The draft ISA splits the existing instructions into groups largely modeled after the RISC-V ISA: atomic32, atomic64, base32, base64, divmul32, divmul64, and packet. Some of these groups include other groups — for example, any implementation claiming to implement base64 must also implement base32. In fact, all of the 64-bit groups include their 32-bit counterparts. Any new instructions that get added to BPF in the future will be added to a new conformance group, so existing groups will never be modified. That means that once an implementation has become compliant, it doesn't necessarily need to stay up to date with new changes to BPF; it can continue claiming compatibility with the old instruction groups and leave things there.
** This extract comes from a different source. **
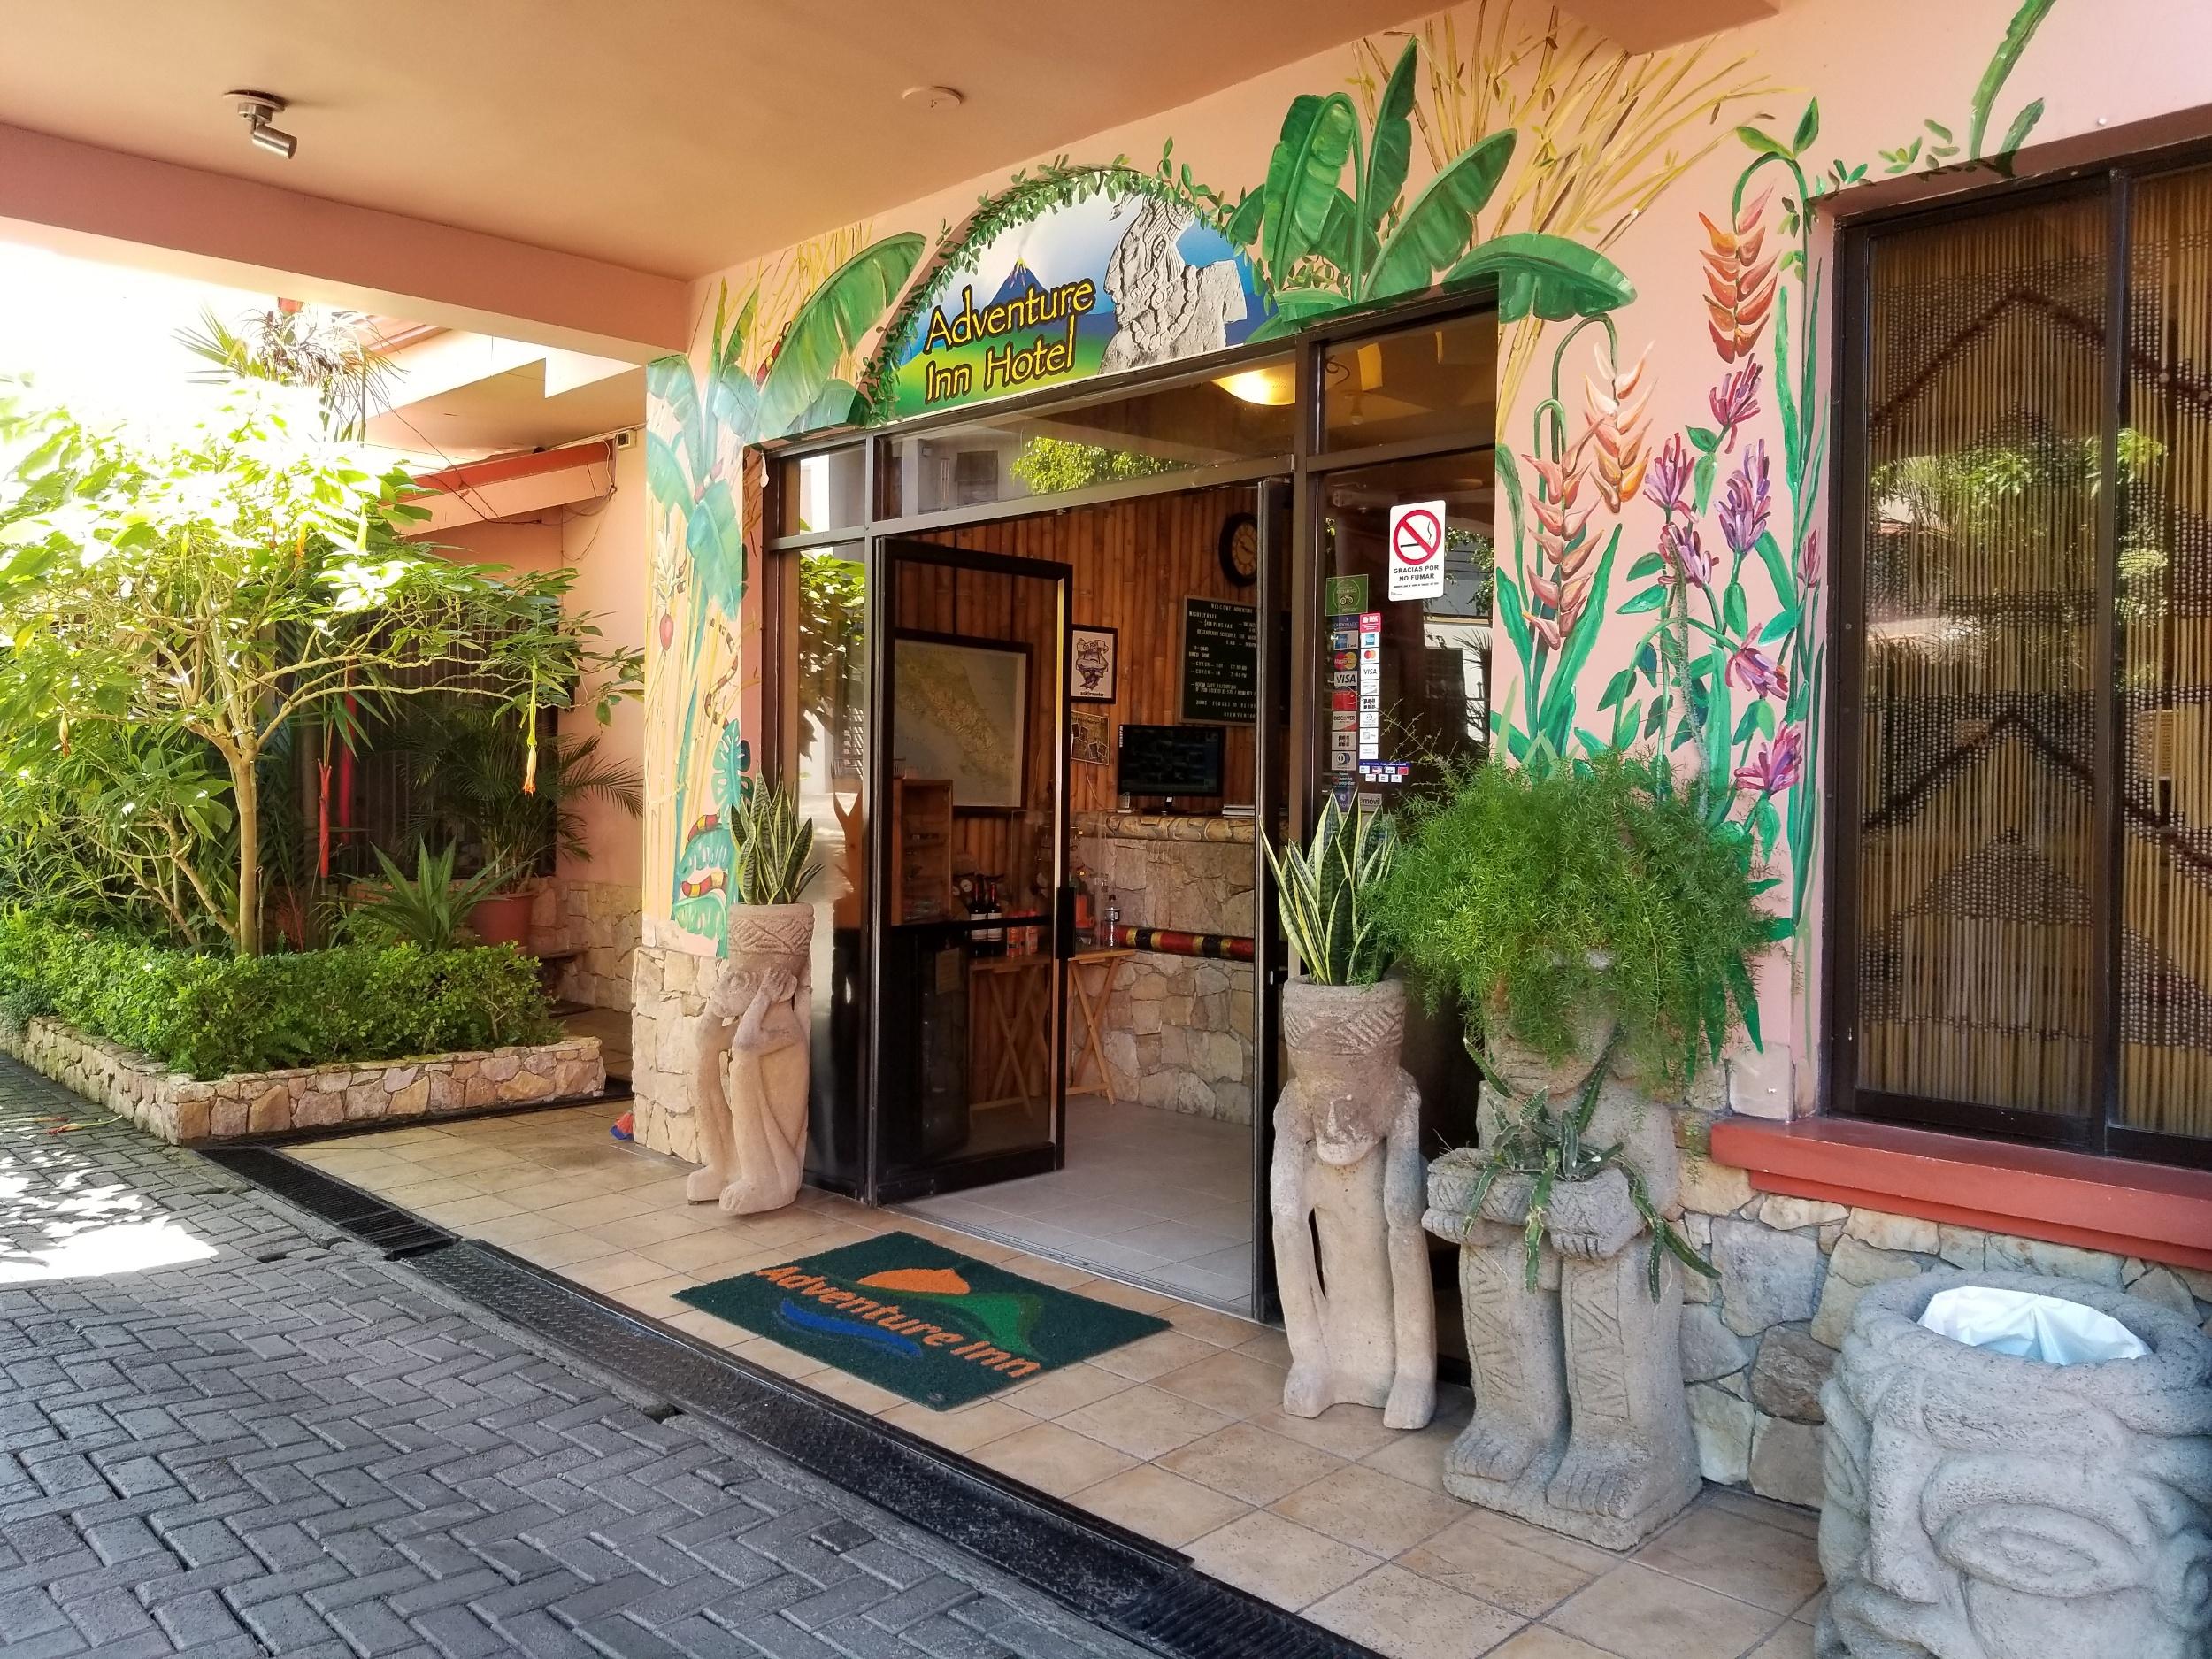 The captivating entrance of Adventure Inn.

Thaler also described the process that the working group has settled on for deprecations. If a group of instructions needs to be deprecated for whatever reason, they'll be added to a separate conformance group, and then new implementations can explicitly exclude that group and still be considered compliant. A compiler processing a BPF program will need to receive a set of conformance groups implemented by the target (either via compiler flags or other configuration), and take care to emit only supported instructions. The base32 group, which must be supported by all implementations, is already fairly broad, so code generation should not be much of an issue. Hopefully the end result for users will be seamless compatibility.
Instructions are not the only component of BPF, however. Another area requiring standardization is the platform-specific application binary interface (psABI), which includes details such as which registers are saved across a call, which register contains the frame pointer, how large the stack is, and other details, Thaler said. This is all a lot more up in the air, because the working group has not put together a draft of a psABI specification yet. He also floated the possibility that there might end up being multiple psABIs, in which case compilers would need to either choose one to support, or allow some way to specify which one would be used for code generation.
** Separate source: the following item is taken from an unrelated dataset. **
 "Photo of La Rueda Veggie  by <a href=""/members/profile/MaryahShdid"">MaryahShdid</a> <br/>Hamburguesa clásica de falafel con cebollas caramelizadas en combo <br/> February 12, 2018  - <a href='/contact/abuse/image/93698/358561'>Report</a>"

José Marchesi objected to the idea that the frame pointer was a choice that ought to be left to the psABI — BPF uses automatic stack allocation, meaning that the runtime manages the frame pointer in BPF register r10. Thaler responded that the ISA doesn't actually say that; the unwritten psABI would need to say that. Marchesi wasn't satisfied with that explanation, since r10 is treated differently from the other registers. In particular, it is read-only. There was some additional discussion of the point, but other members of the audience didn't seem to agree with Marchesi that the behavior of r10 ought to be specified in the ISA.
At that point, Thaler moved on to addressing another point of compatibility unique to BPF: the verifier. There already exist multiple BPF verifiers, notably the one in the Linux kernel and the PREVAIL verifier. A compiler hoping to produce portable BPF code would need an actual description of what code is or is not verifiable. That is something the working group has been considering, but has not yet written any draft specifications about.
The state of the standard
In his second session, late on the last day of the summit, Thaler updated everyone on the current state of the ISA standard. He began the session by explaining what it is the working group is chartered to do: produce a set of standards and informational documents on several specific topics. How the working group does that is up to them — so they could work on these documents in parallel, but have generally been pursuing them in priority order.
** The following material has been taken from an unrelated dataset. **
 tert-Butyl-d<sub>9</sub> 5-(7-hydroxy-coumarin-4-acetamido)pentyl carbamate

Because having an ISA is foundational to being able to discuss other topics such as the psABI and requirements for the verifier, the ISA is the first document the working group has been focusing on. At the time of the session, the ISA was "almost done", with the last call for comments ending the next day. As of this writing, the ISA is on the agenda for the June 13 meeting of the Internet Engineering Steering Group (IESG).
To people not well versed in IETF minutiae, that might not provide a clear picture of what the state of the document actually is; Thaler provided a brief overview of the remaining process as it applies to the BPF ISA. At the June 13 meeting, the IESG will vote on the proposed document. If it fails to pass, any questions or comments will go back to the working group, the document will be revised, and then it will return to the IESG at a later date. If the vote passes, the document enters the RFC editor's queue. The RFC editor converts the document to the specific format for RFCs, updates any references, and assigns it a tentative RFC number. Then the authors have a final chance to review the RFC editor's changes before it is published, and the assigned number becomes final.
In parallel, the document also needs to be reviewed by the Internet Assigned Numbers Authority (IANA), because IANA will become responsible for managing the official list of conformance groups. Thaler described IANA as comprised of "process people", who are unlikely to raise any objections to the document as long as the procedure described for registering new conformance groups does not have any problems.
All parts of that process are fairly fast, except waiting on the IESG, which only meets every two weeks. So it is quite likely that the BPF ISA may be an official RFC by the end of June, he said. David Vernet, the chair of the working group, asked Thaler whether there was anything that the assembled BPF developers could do to prevent delays. Thaler said that there was not, since it was all waiting on the IETF — except for providing fast responses to feedback.
In particular, Thaler had already received some feedback during the last call for comments. Since the comment period was scheduled to end the next day, he thought that if the attendees quickly replied to these concerns, there would likely not be any other delays. He went through the feedback, most of which was minor and already incorporated. One piece of feedback prompted actual discussion, however. Eric Klein had suggested that the ISA should not define the range of registers available to BPF programs, saying that should be moved to the (not yet written) psABI instead. This suggestion was not well received.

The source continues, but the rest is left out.